Israeli Prime Minister Benyamin Netanyahu's speech at the UN General Assembly today was intended largely for a domestic audience. However, he signaled areas in which Israel might be open to progress in a post-Operation Protective Edge environment.
Netanyahu glossed over critical differences between extremist groups, linking together Hamas (with whom Israel has been negotiating in Cairo), ISIS, Iran, the Mahdi Army, and the Nazis. His speech spared no criticism of the UN for hosting Hamas rockets in its schools, and referred at one point to the UN Human Rights Council as the "Terrorist Rights Council." Netanyahu tried to link the Islamic State (aka ISIS) with the "Islamic State of Iran" (its formal name is the Islamic Republic of Iran) and used several other well-rehearsed talking points about Iran's imminent danger to regional stability.
Such a speech made few gains for Israel's political capital with the international community. However, it will likely be well-received by the Likud base on whom Netanyahu relies for political support. In the wake of Operation Protective Edge, Netanyahu is under pressure to stem a post-war decline in popularity and demonstrate a clear victory over Hamas. Just yesterday, MK Danny Danon, a representative of the Likud's most hawkish constituency, implied that Netanyahu's response to Hamas was not sufficiently strong. As competitors seek to take advantage of the opportunity to chip away Netanyahu's base, a fiery speech to the UN is a surefire way for the Prime Minister to consolidate support.
Despite domestic pandering, Netanyahu's speech indicated the government's current negotiating position. Netanyahu's demand for "rock solid security arrangements" refers to an Israeli military presence on the West Bank - Jordan border. It will be very difficult to achieve this demand (the US has suggested cameras instead). The Prime Minister also called the need for territorial compromise "obvious," though it's unclear whether one-for-one land swaps are comparably obvious.
More significantly, Netanyahu called for regional Arab cooperation, mentioning Egypt, Jordan, the UAE, and Saudi Arabia as potential partners. Invoking "joint interest," Netanyahu may be seeking to outflank the Palestinian Authority which has threatened to pursue statehood at the UN and to bring Israel to the ICC on charges of war crimes. His comments also resonate in the wake of a re-affirmation of the Arab Peace Initiative on September 25th by GCC states meeting with US officials.
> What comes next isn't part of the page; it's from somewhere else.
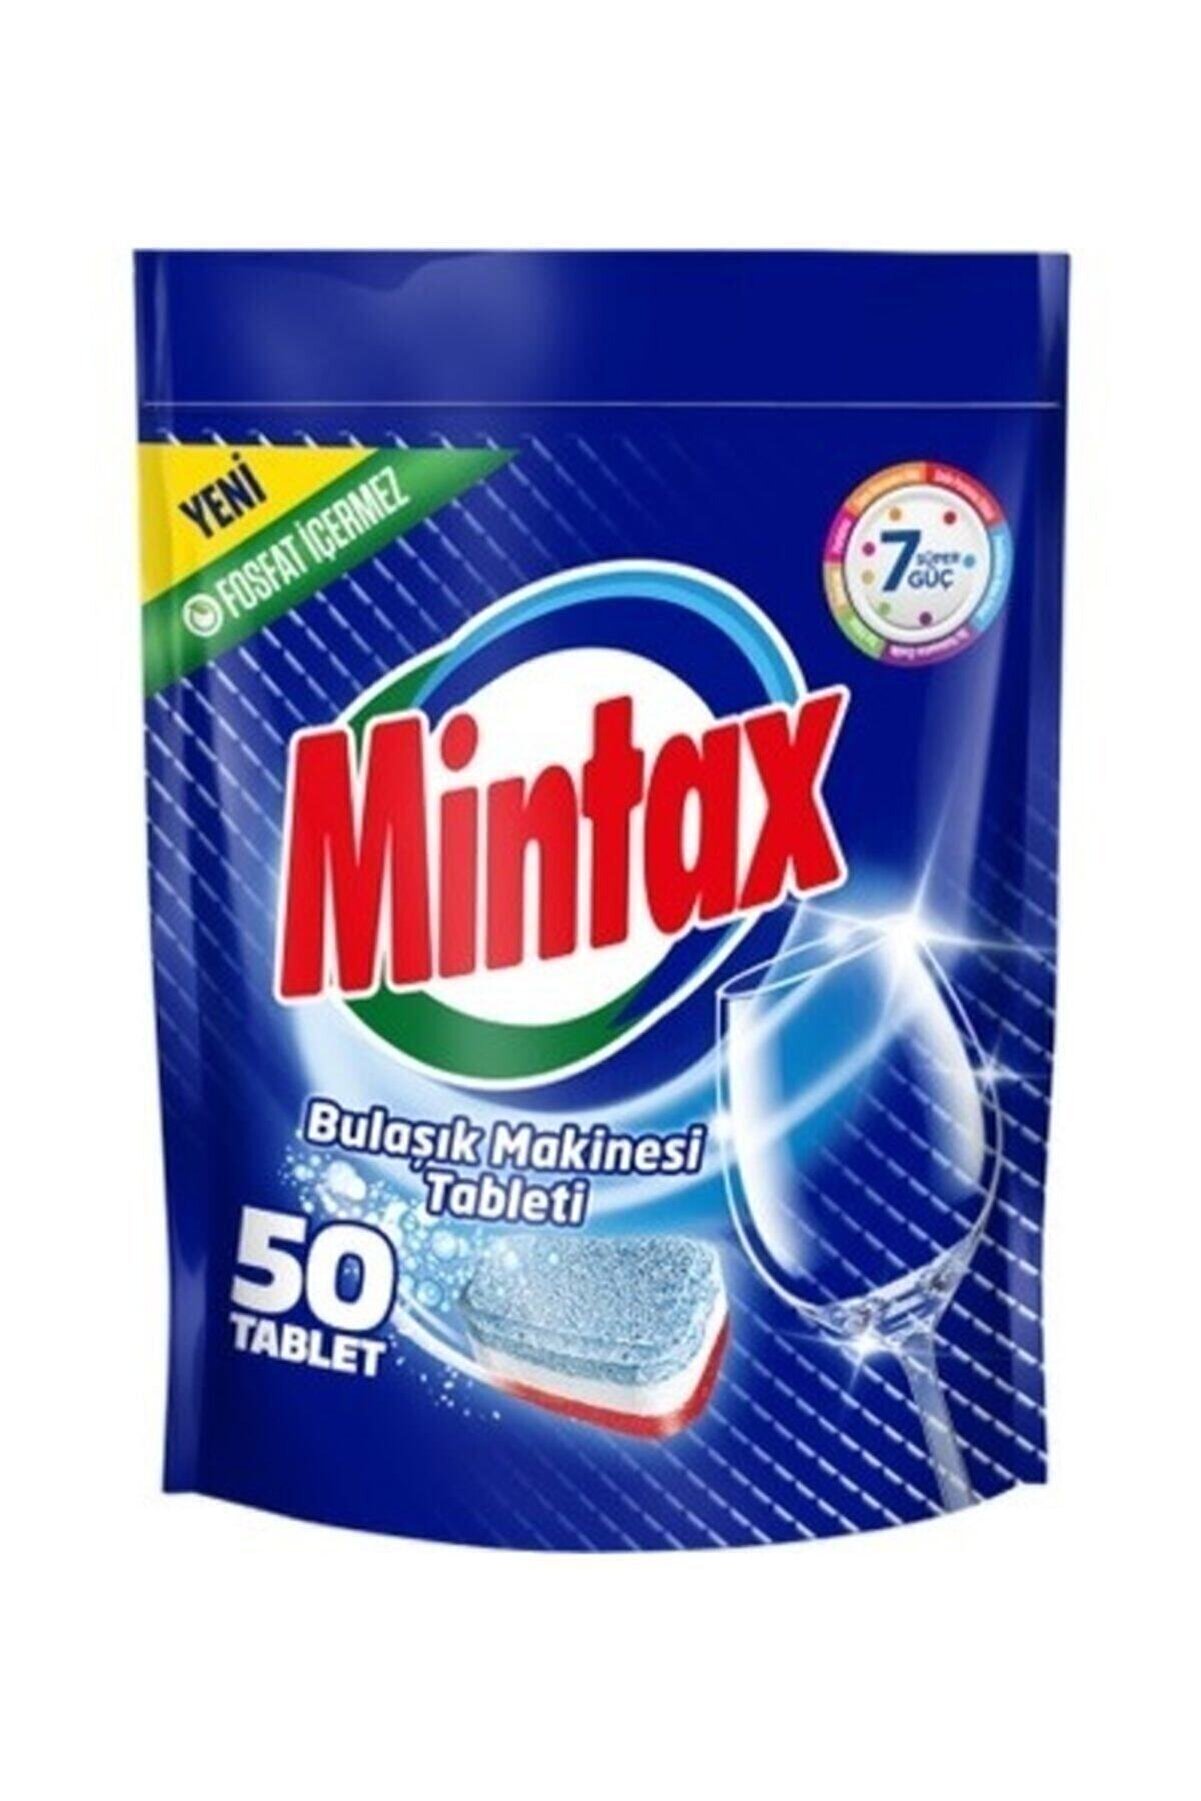 Mintax 7 Süper Güç Bulaşık Makinesi Tableti 50'li
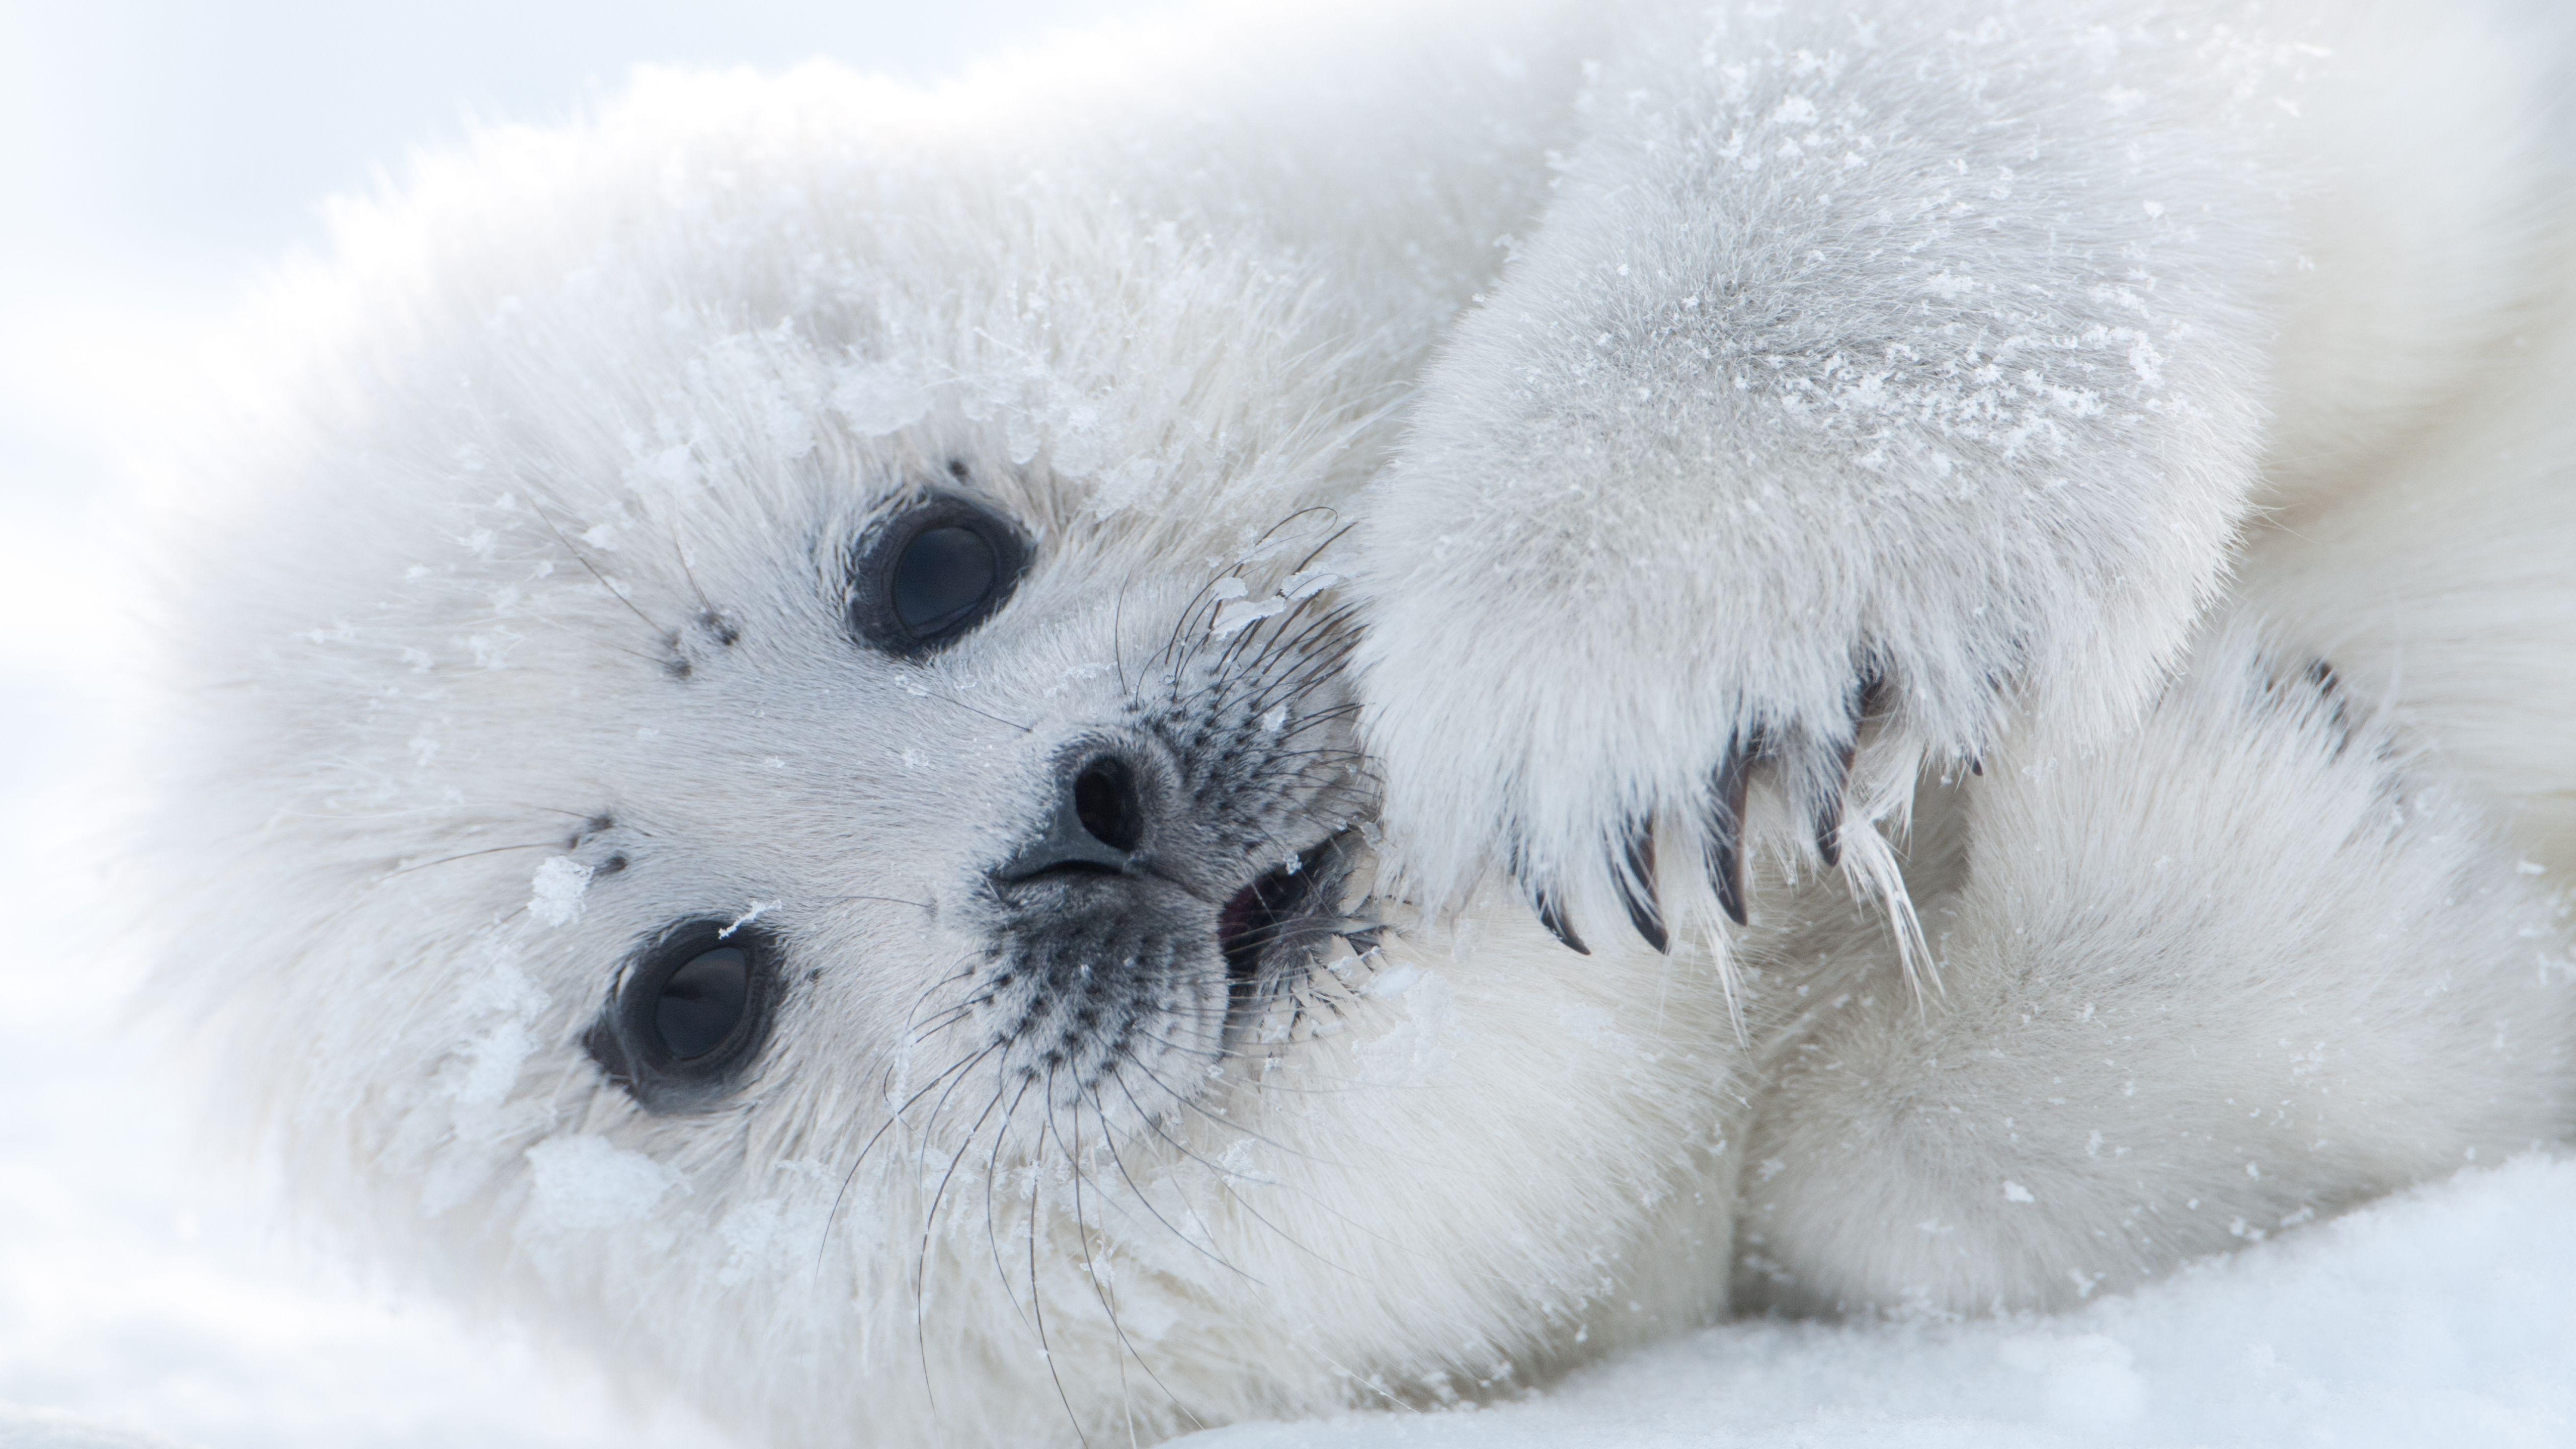 Ice animals. Байкальская НЕПРА Белек. Белек гренландского тюленя. Гренландский тюлень Нерпа. Белёк детеныш нерпы Байкальской.

These comments may have particular salience given cooperation by GCC and other Arab states on the conflict against ISIS in Syria.
If the Prime Minister's objective was to stem the tide of anti-Israel sentiment at the UN, he was certainly unsuccessful. However, if he intended to bolster domestic support while signalling the potential for cooperation with major Arab powers, Netanyahu achieved his goal.